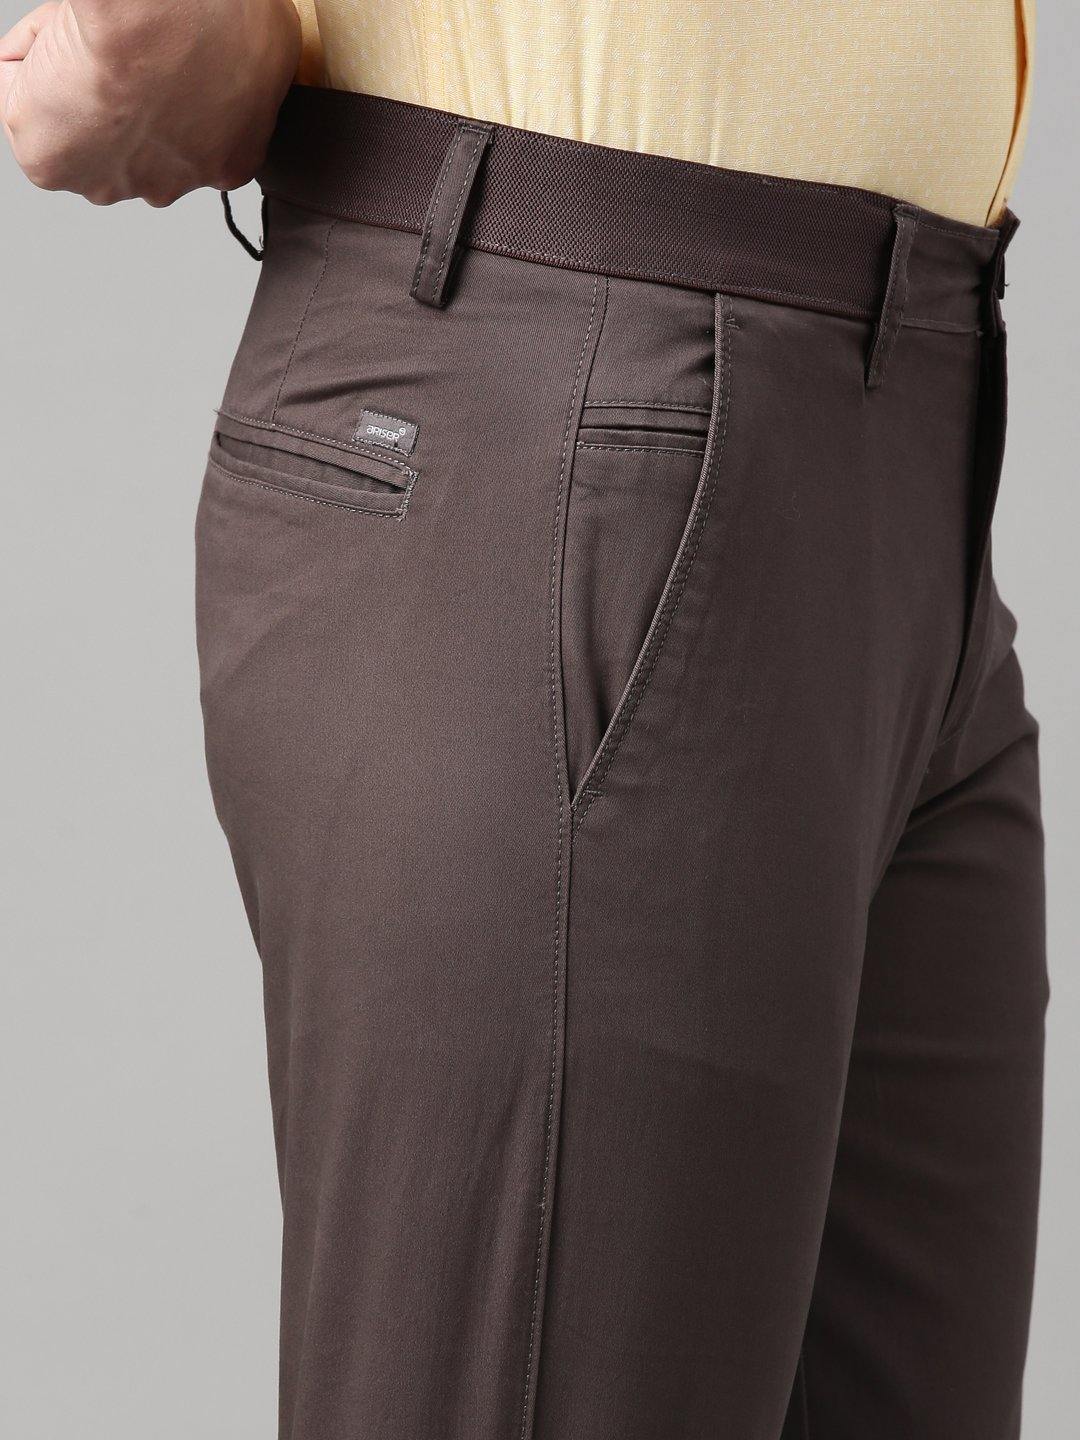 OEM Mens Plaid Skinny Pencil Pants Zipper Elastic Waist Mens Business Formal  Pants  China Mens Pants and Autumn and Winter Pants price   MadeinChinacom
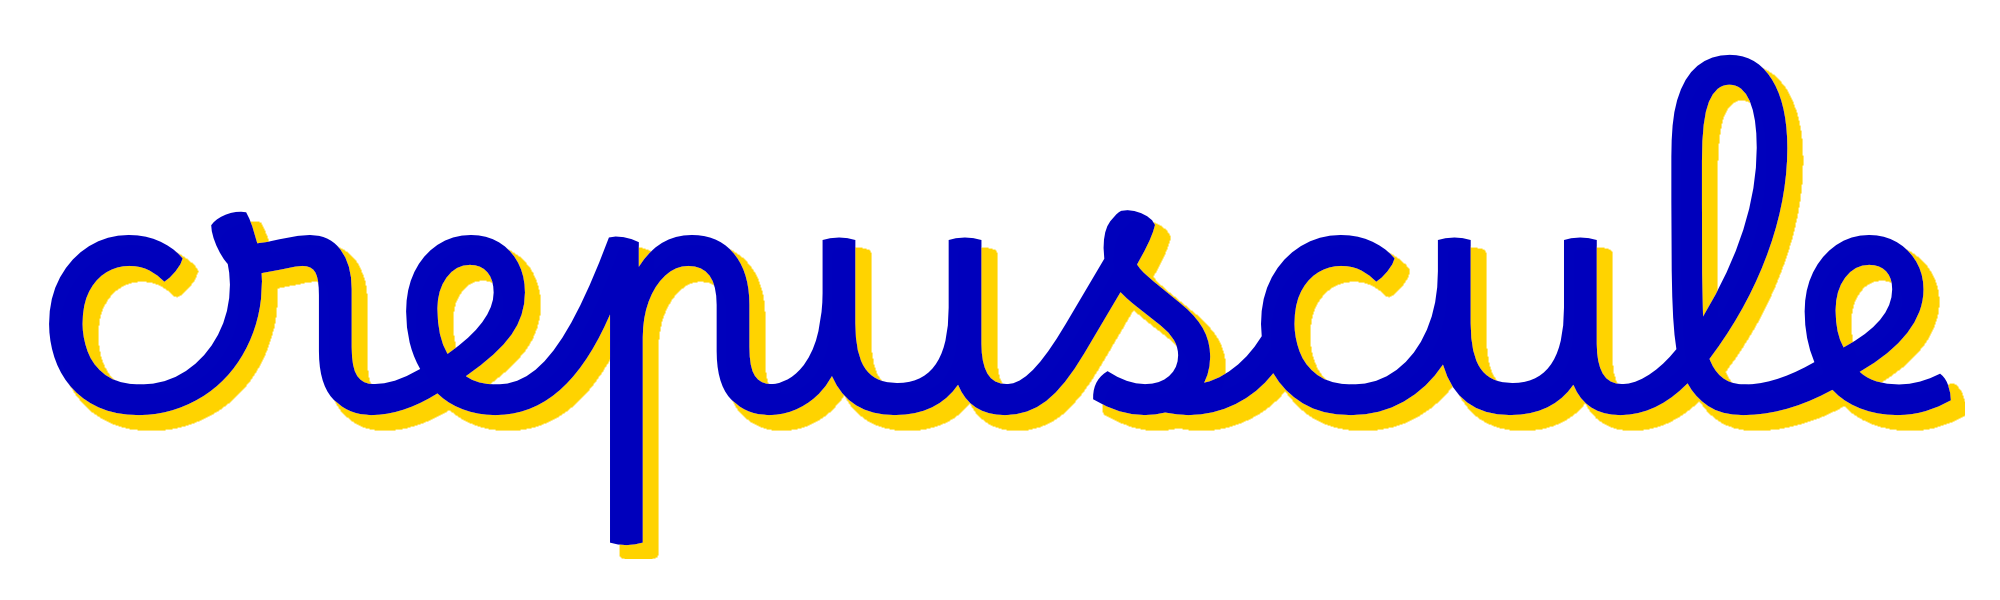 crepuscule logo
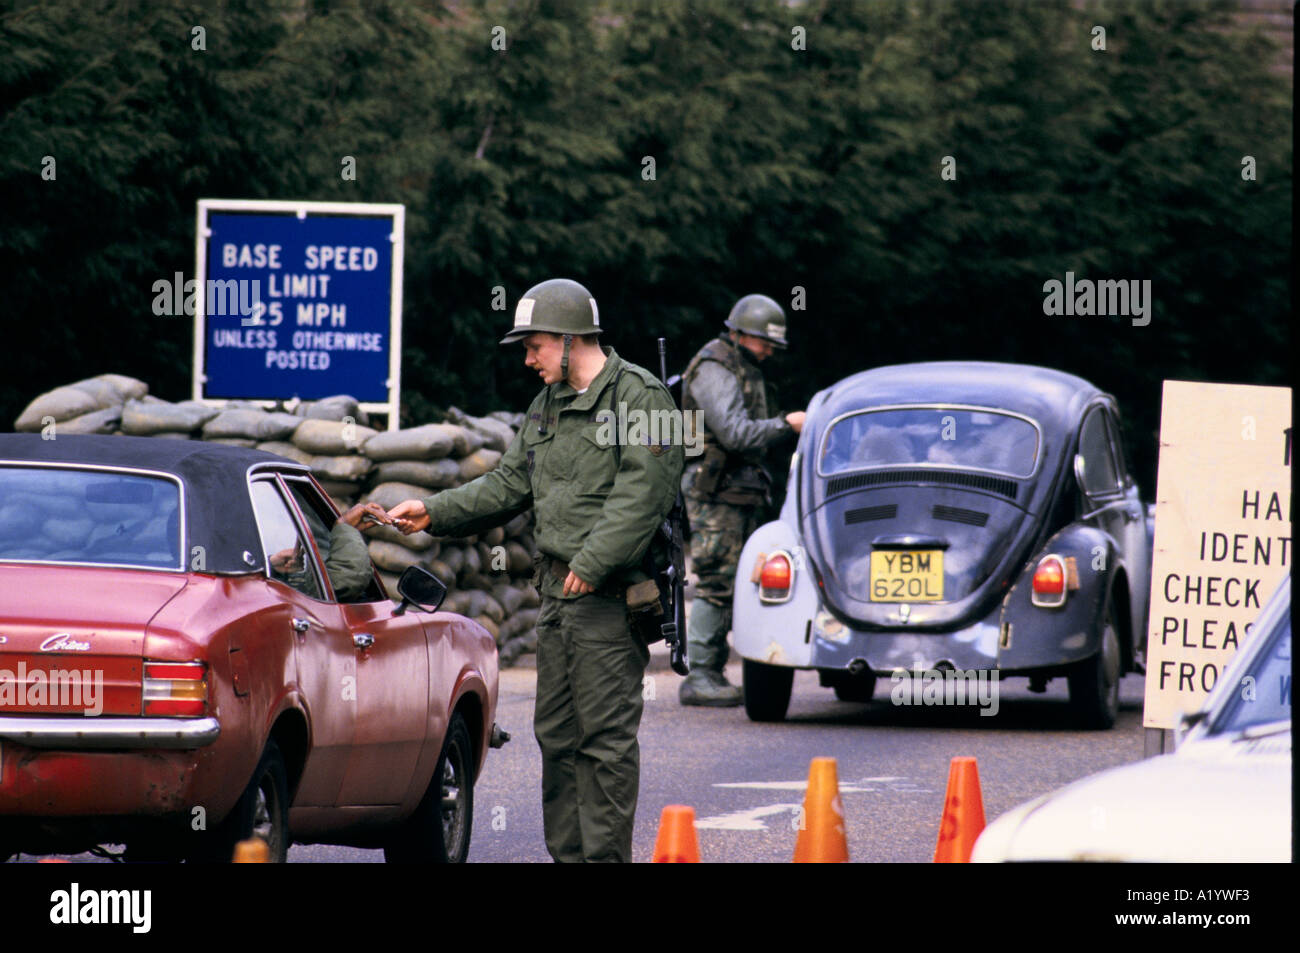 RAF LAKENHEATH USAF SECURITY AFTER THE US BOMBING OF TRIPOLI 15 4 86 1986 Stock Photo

#### [TASK]
Keeping every word as it is, write out all the data and omit the pictures.

#### [TASK RESPONSE]
 OEM Mens Plaid Skinny Pencil Pants Zipper Elastic Waist Mens Business Formal  Pants  China Mens Pants and Autumn and Winter Pants price   MadeinChinacom
 crepuscule logo
 RAF LAKENHEATH USAF SECURITY AFTER THE US BOMBING OF TRIPOLI 15 4 86 1986 Stock Photo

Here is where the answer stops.